In vivo generalized diffusion tensor imaging (GDTI) using higher‐order tensors (HOT)

Abstract

Generalized diffusion tensor imaging (GDTI) using higher‐order tensor (HOT) statistics generalizes the technique of diffusion tensor imaging by including the effect of nongaussian diffusion on the signal of MRI. In GDTI‐HOT, the effect of nongaussian diffusion is characterized by higher‐order tensor statistics (i.e., the cumulant tensors or the moment tensors), such as the covariance matrix (the second‐order cumulant tensor), the skewness tensor (the third‐order cumulant tensor), and the kurtosis tensor (the fourth‐order cumulant tensor).

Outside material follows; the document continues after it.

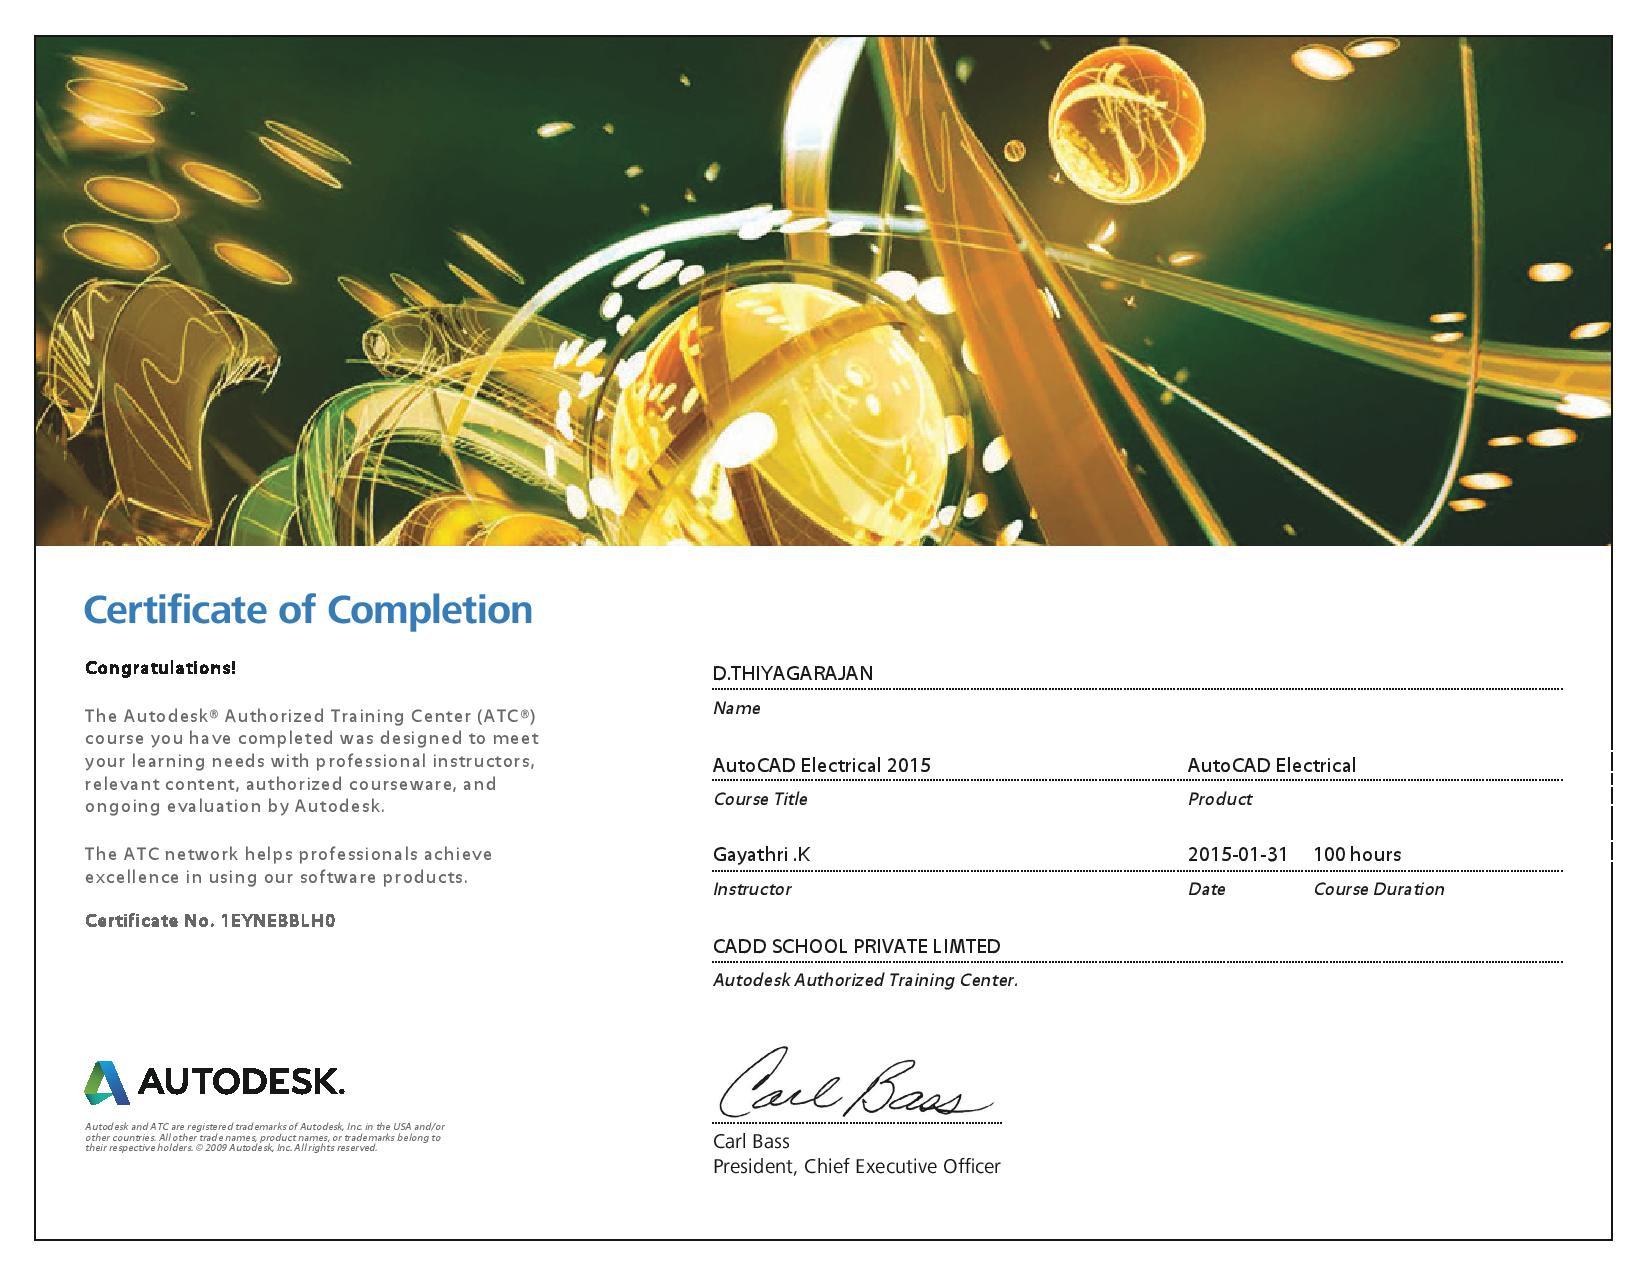 Cadd training center avadi best cadd training in avadi international certificates autodesk course completion xflitez Gallery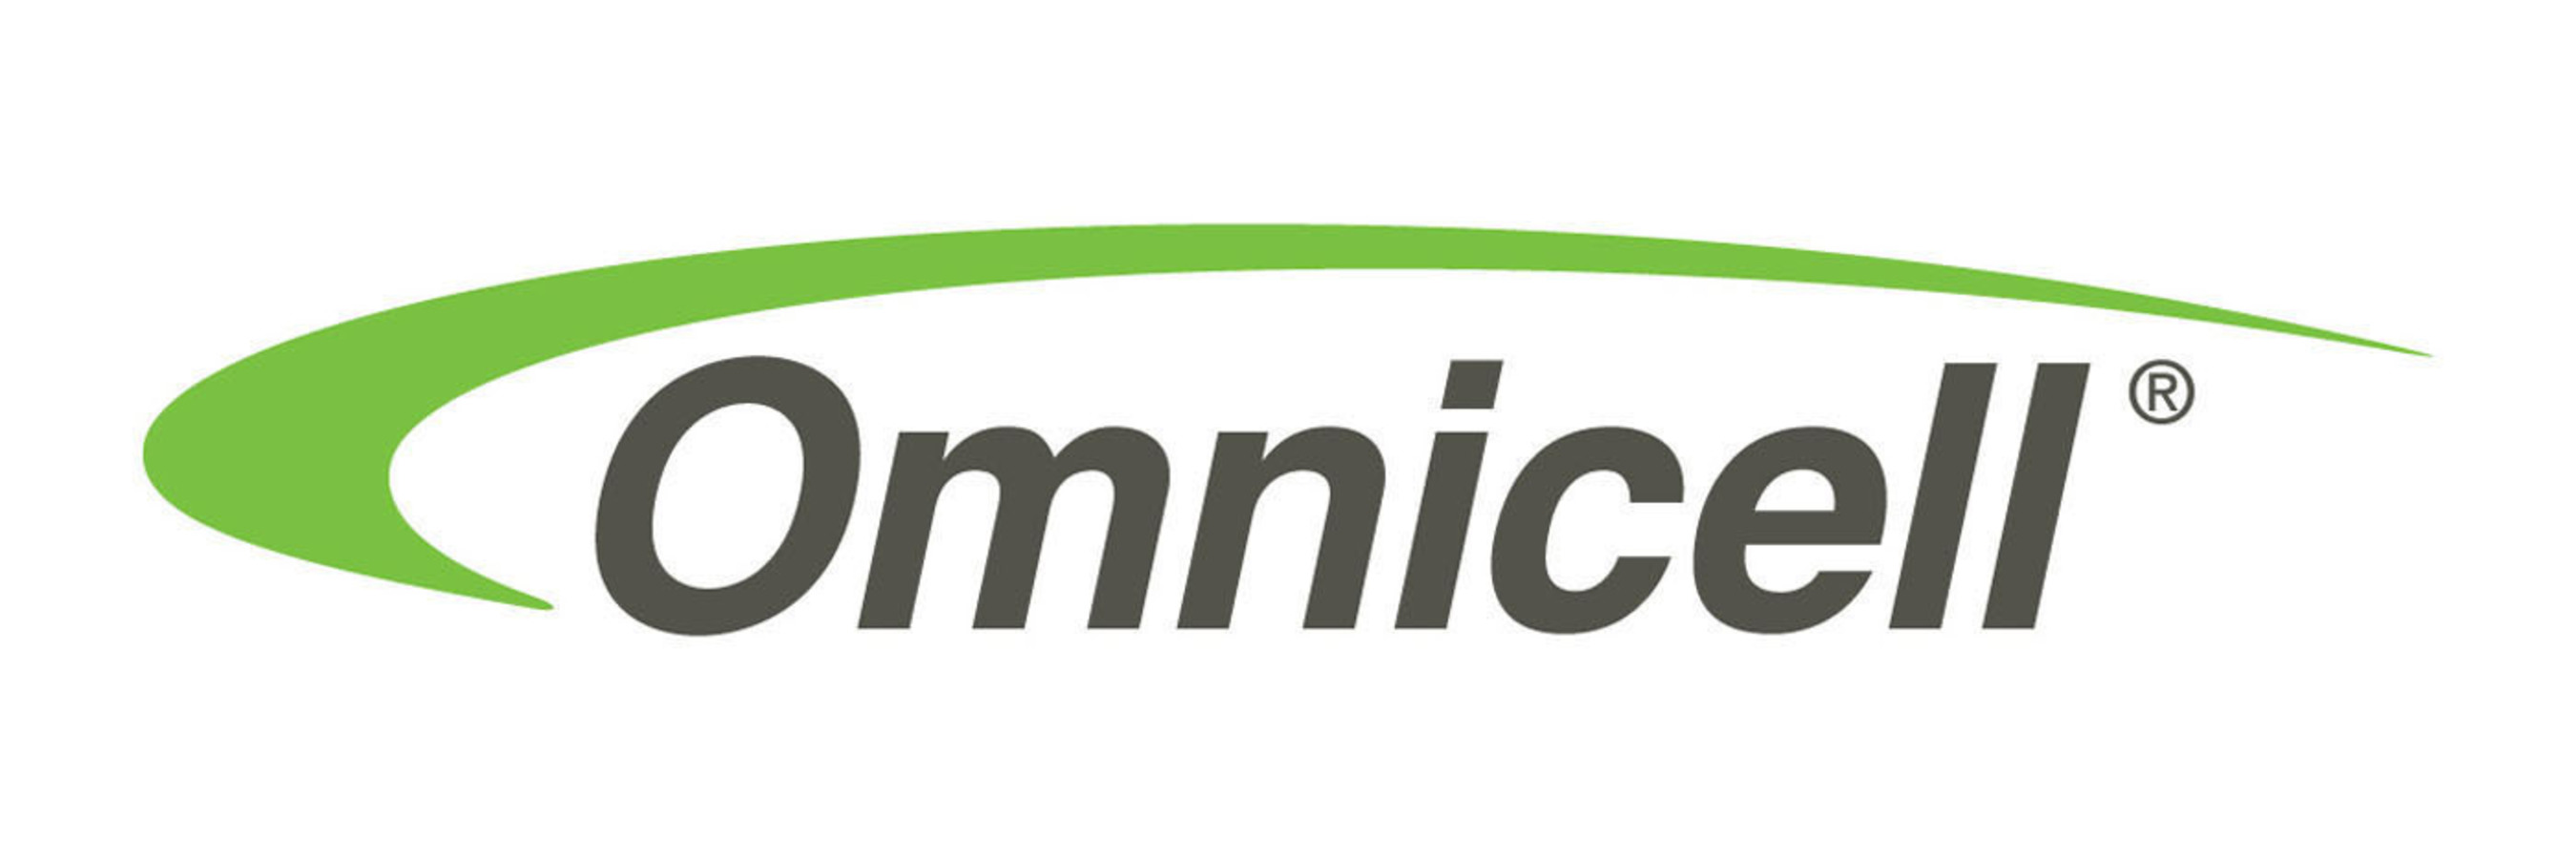 Omnicell, Inc. logo

Previously, Monte Carlo simulations have been applied to verify the validity of this technique in reconstructing complicated fiber structures. However, no in vivo implementation of GDTI‐HOT has been reported. The primary goal of this study is to establish GDTI‐HOT as a feasible in vivo technique for imaging nongaussian diffusion. We show that probability distribution function of the molecular diffusion process can be measured in vivo with GDTI‐HOT and be visualized with three‐dimensional glyphs. By comparing GDTI‐HOT to fiber structures that are revealed by the highest resolution diffusion‐weighted imaging (DWI) possible in vivo, we show that the GDTI‐HOT can accurately predict multiple fiber orientations within one white matter voxel. Furthermore, through bootstrap analysis we demonstrate that in vivo measurement of HOT elements is reproducible, with a small statistical variation that is similar to that of diffusion tensor imaging. Magn Reson Med, 2010.